New York Times Current History; The European War, Vol 2, No. 3, June, 1915 eBook

This eBook from the Gutenberg Project consists of approximately 441 pages of information about New York Times Current History; The European War, Vol 2, No. 3, June, 1915.

The measure of this success may be taken when it is pointed out that this trench represented in the German advance the apex in the breach which the enemy had made in the original line of the Allies, and that it was two and a half miles south of that line.  This charge, made by men who looked death indifferently in the face, (for no man who took part in it could think that he was likely to live,) saved, and that was much, the Canadian left.  But it did more.  Up to the point where the assailants conquered, or died, it secured and maintained during the most critical moment of all the integrity of the allied line.  For the trench was not only taken, it was held thereafter against all comers, and in the teeth of every conceivable projectile, until the night of Sunday, the 25th, when all that remained of the war-broken but victorious battalions was relieved by fresh troops.

It is necessary now to return to the fortunes of the Third Brigade, commanded by Brig.  Gen.
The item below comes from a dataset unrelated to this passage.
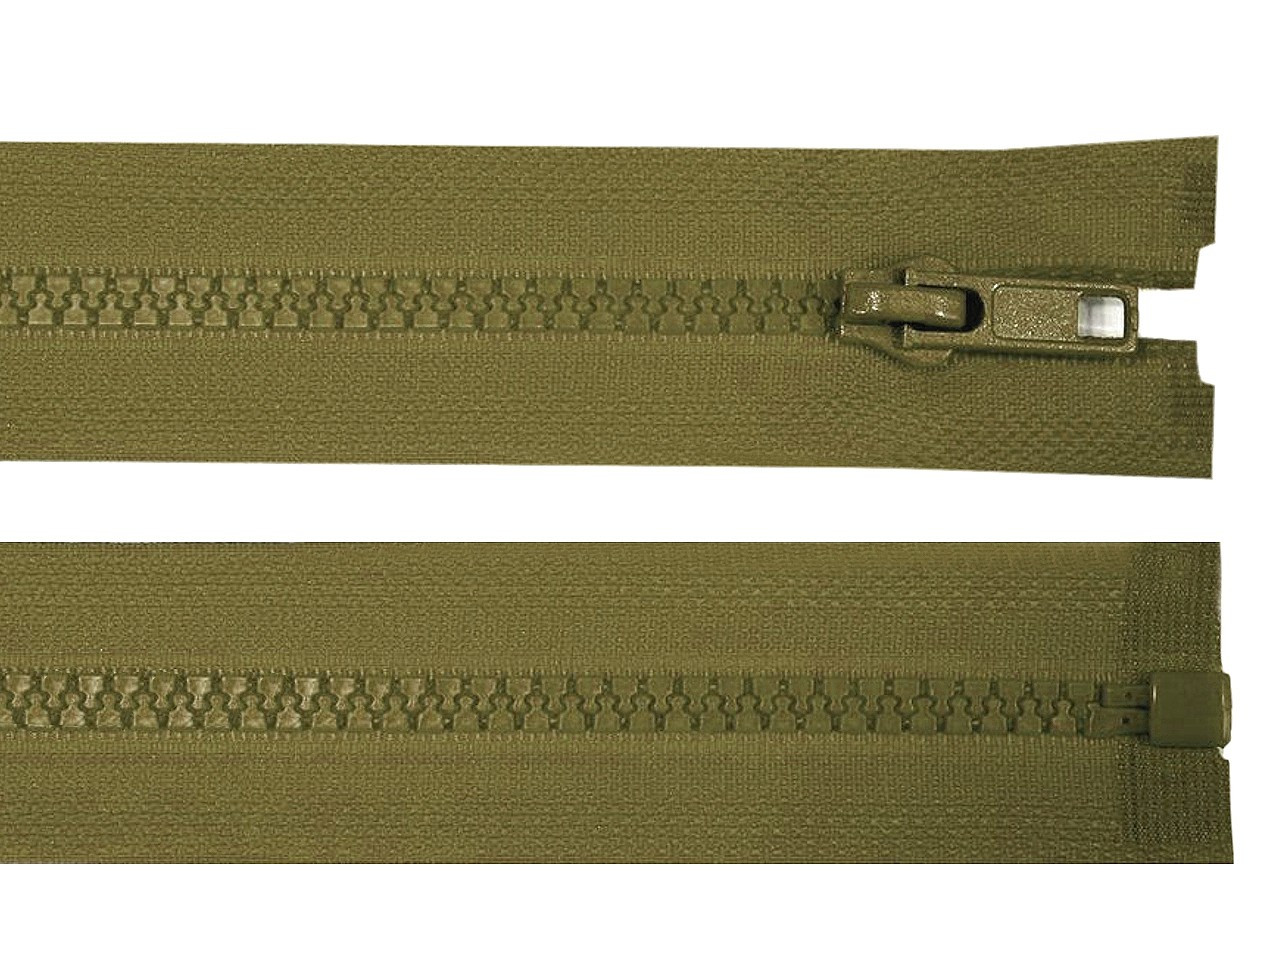 Kostěný zip šíře 5 mm délka 80 cm bundový, barva 298 zelená khaki tmavá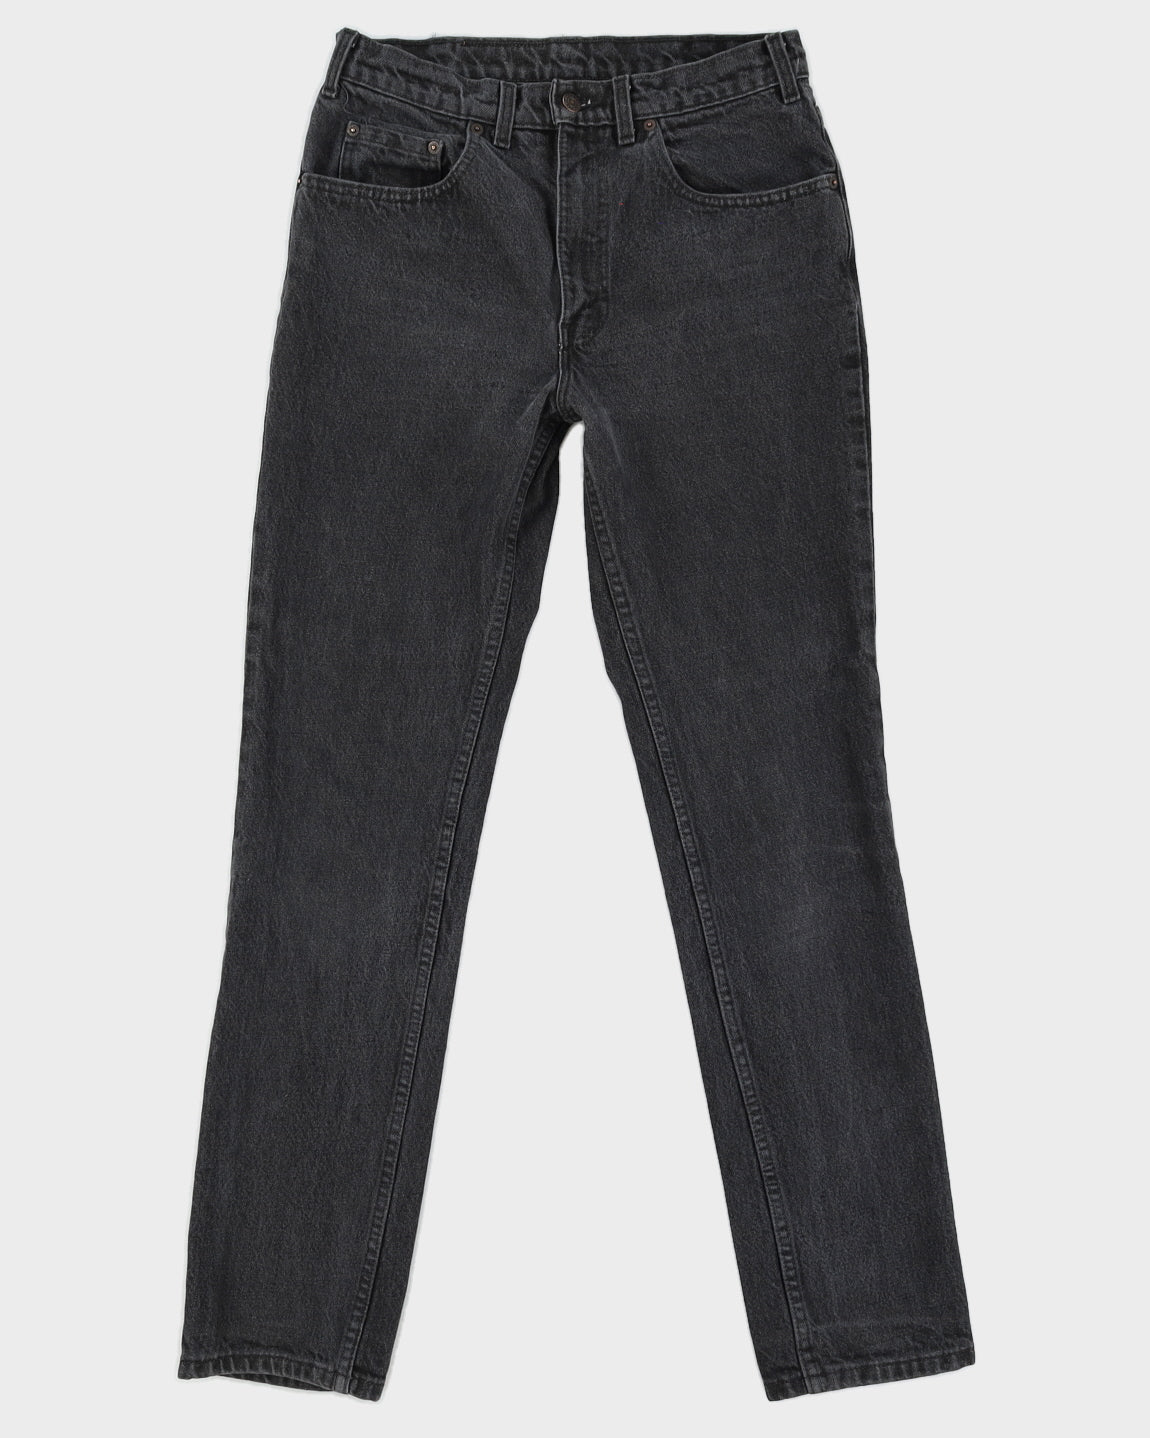 Vintage 90s Levi's Black Jeans - W31 L32

Turner, which, as we have seen, at 5 o’clock on Thursday was holding the Canadian left, and after the first attack assumed the defense of the new Canadian salient, at the same time sparing all the men it could to form an extemporized line between the wood and St. Julien.  This brigade also was at the first moment of the German offensive, made the object of an attack by the discharge of poisonous gas.  The discharge was followed by two enemy assaults.  Although the fumes were extremely poisonous, they were not, perhaps having regard to the wind, so disabling as on the French lines, (which ran almost east to west,) and the brigade, though affected by the fumes, stoutly beat back the two German assaults.

Encouraged by this success, it rose to the supreme effort required by the assault on the wood, which has already been described.  At 4 o’clock on the morning of Friday, the 23d, a fresh emission of gas was made both upon the Second Brigade, which held the line running northeast, and upon the Third Brigade, which, as has been fully explained, had continued the line up to the pivotal point, as defined above, and had then spread down in a southeasterly direction.  It is, perhaps, worth mentioning that two privates of the Forty-eighth Highlanders who found their way into the trenches commanded by Colonel Lipsett, Ninetieth Winnipeg Rifles, Eighth Battalion, perished in the fumes, and it was noticed that their faces became blue immediately after dissolution.

The Royal Highlanders of Montreal, Thirteenth Battalion, and the Forty-eighth Highlanders, Fifteenth Battalion, were more especially affected by the discharge.  The Royal Highlanders, though considerably shaken, remained immovable upon their ground.  The Forty-eighth Highlanders, which, no doubt, received a more poisonous discharge, was for the moment dismayed, and, indeed, their trench, according to the testimony of very hardened soldiers, became intolerable.  The battalion retired from the trench, but for a very short distance, and for an equally short time.  In a few moments they were again their own men.  They advanced upon and occupied the trenches which they had momentarily abandoned.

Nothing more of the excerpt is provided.